Bir diğer zirve takipçisi Beşiktaş, iki rakibinin puan kaybettiği bu haftayı değerlendiremedi ve Konya deplasmanında 2 puan kaybetti. İzlediğim kadarıyla Ernst iyi bir performans ortaya koysa da, Beşiktaş'ın oynadığı oyun umut vermiyordu.
Haftanın diğer maçlarında ise, Gaziantepspor üst sıralardaki önemli rakibi Ankaraspor'u 2-0 mağlup etti. Düşme hattını çok yakından ilgilendiren Antalyaspor-Denizlispor maçında ise gülen taraf Antalyaspor oldu.
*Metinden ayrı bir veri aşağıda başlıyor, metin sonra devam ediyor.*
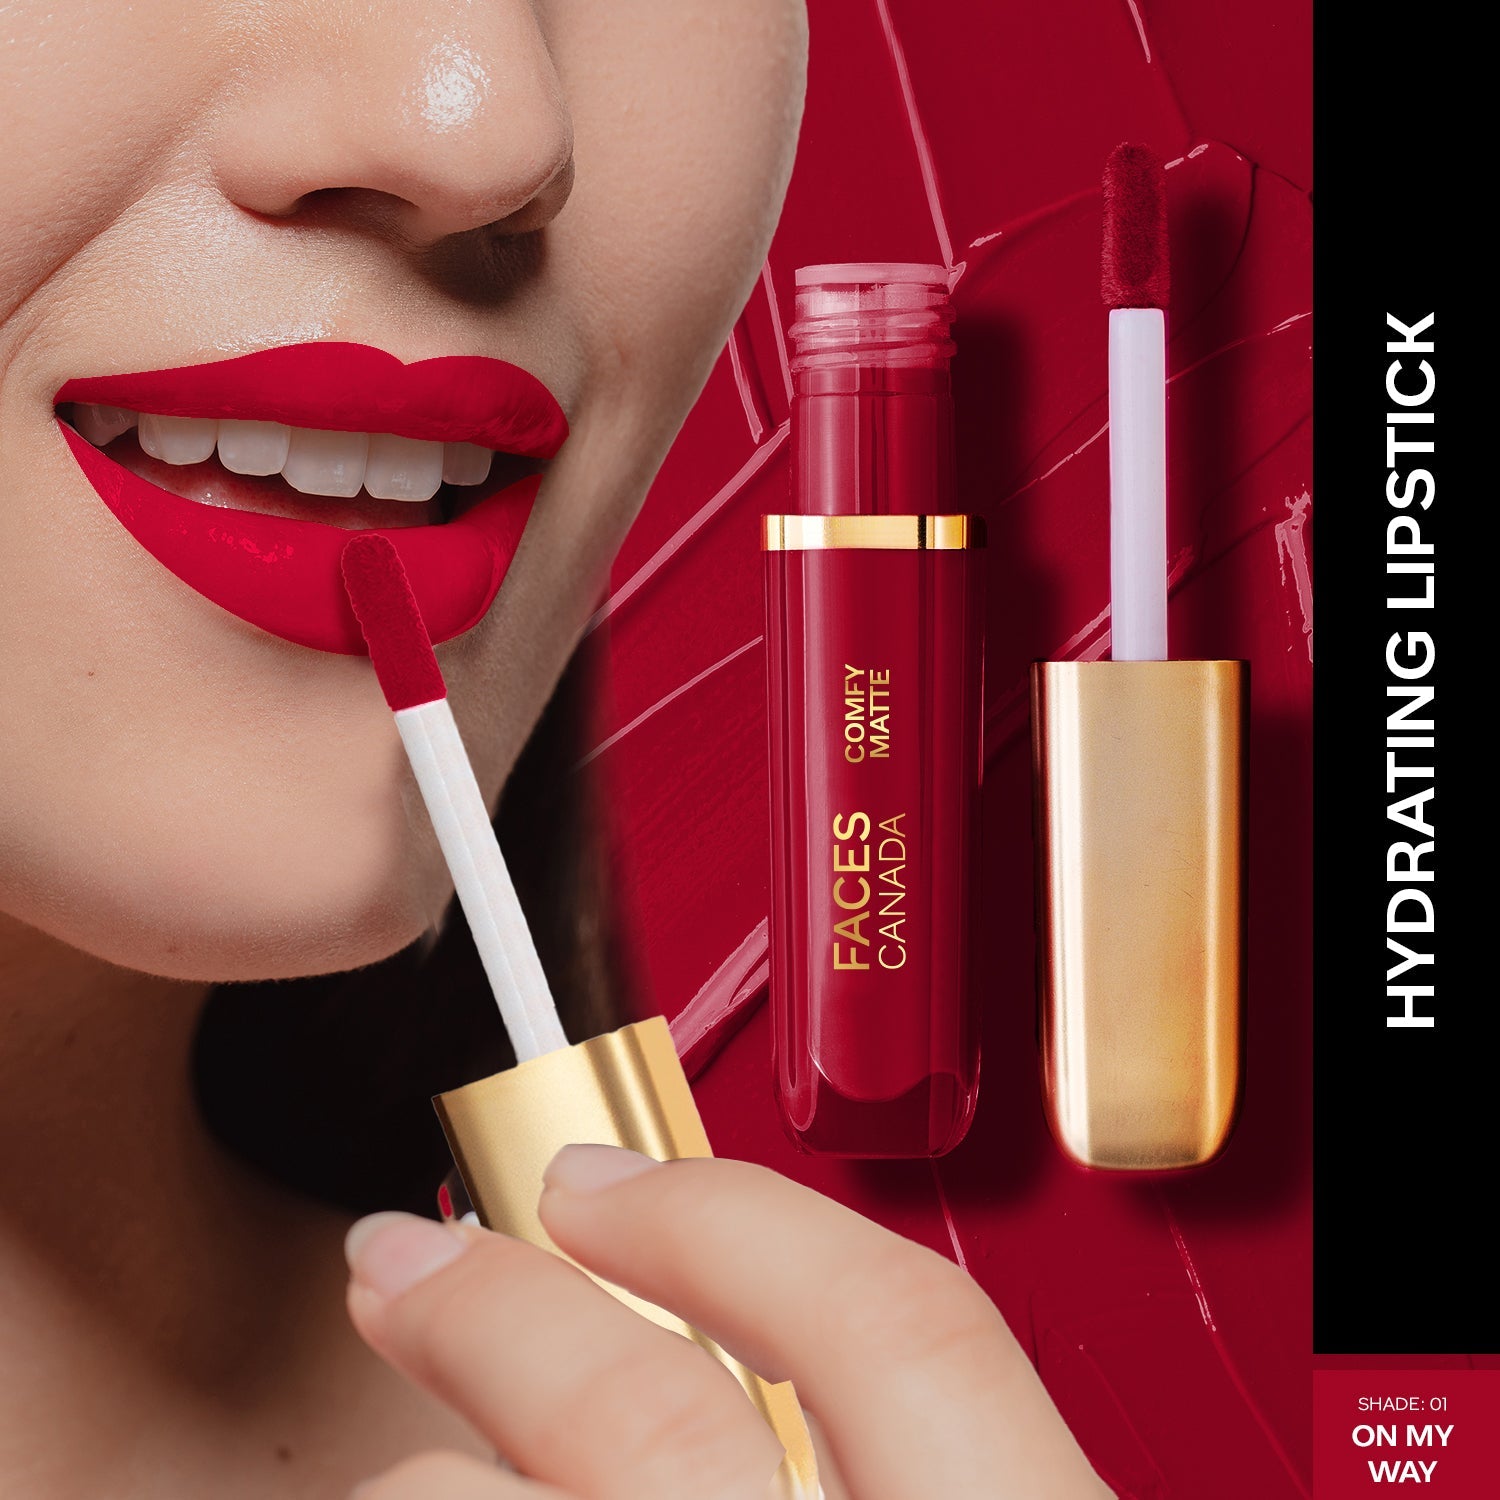 New Faces Canada Comfy Silk Liquid Lipstick Review &Swatches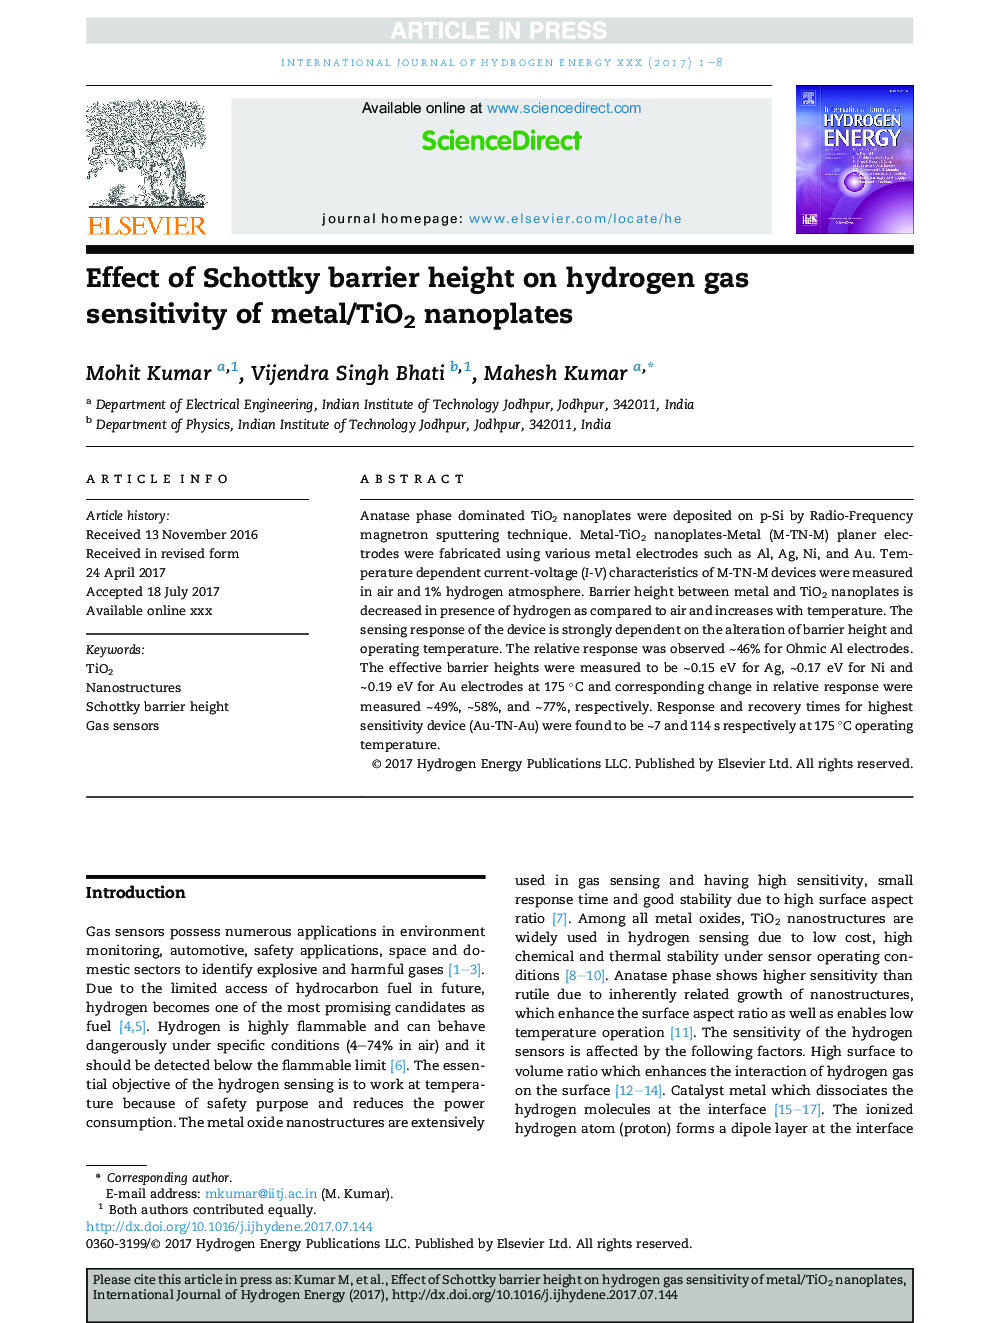 Effect of Schottky barrier height on hydrogen gas sensitivity of metal/TiO2 nanoplates

Son olarak Gençlerbirliği deplasmanına giden Ertuğrul Sağlam önderliğindeki Bursaspor, Gençlerbirliği'ni 2-1 mağlup ederek rakibine büyük bir hasar vermiş oldu. 19 Mayıs'ın suni çim zemininde ev sahibi takımların neden puan kazanamadığını ise başka bir yazıda tartışalım.
Önemli maçlardan çıkan sürpriz sonuçlar ve inanılmaz hakem hataları bu haftayı unutulmaz hale getirdi. İddia ediyorum ki, sene sonunda canı yanan takımlar, bu haftada aldığı sonuçları öfke ve hüzün ile anacaktır. Herşeye rağmen, Turkcell Süper Lig, hiç bitmesin!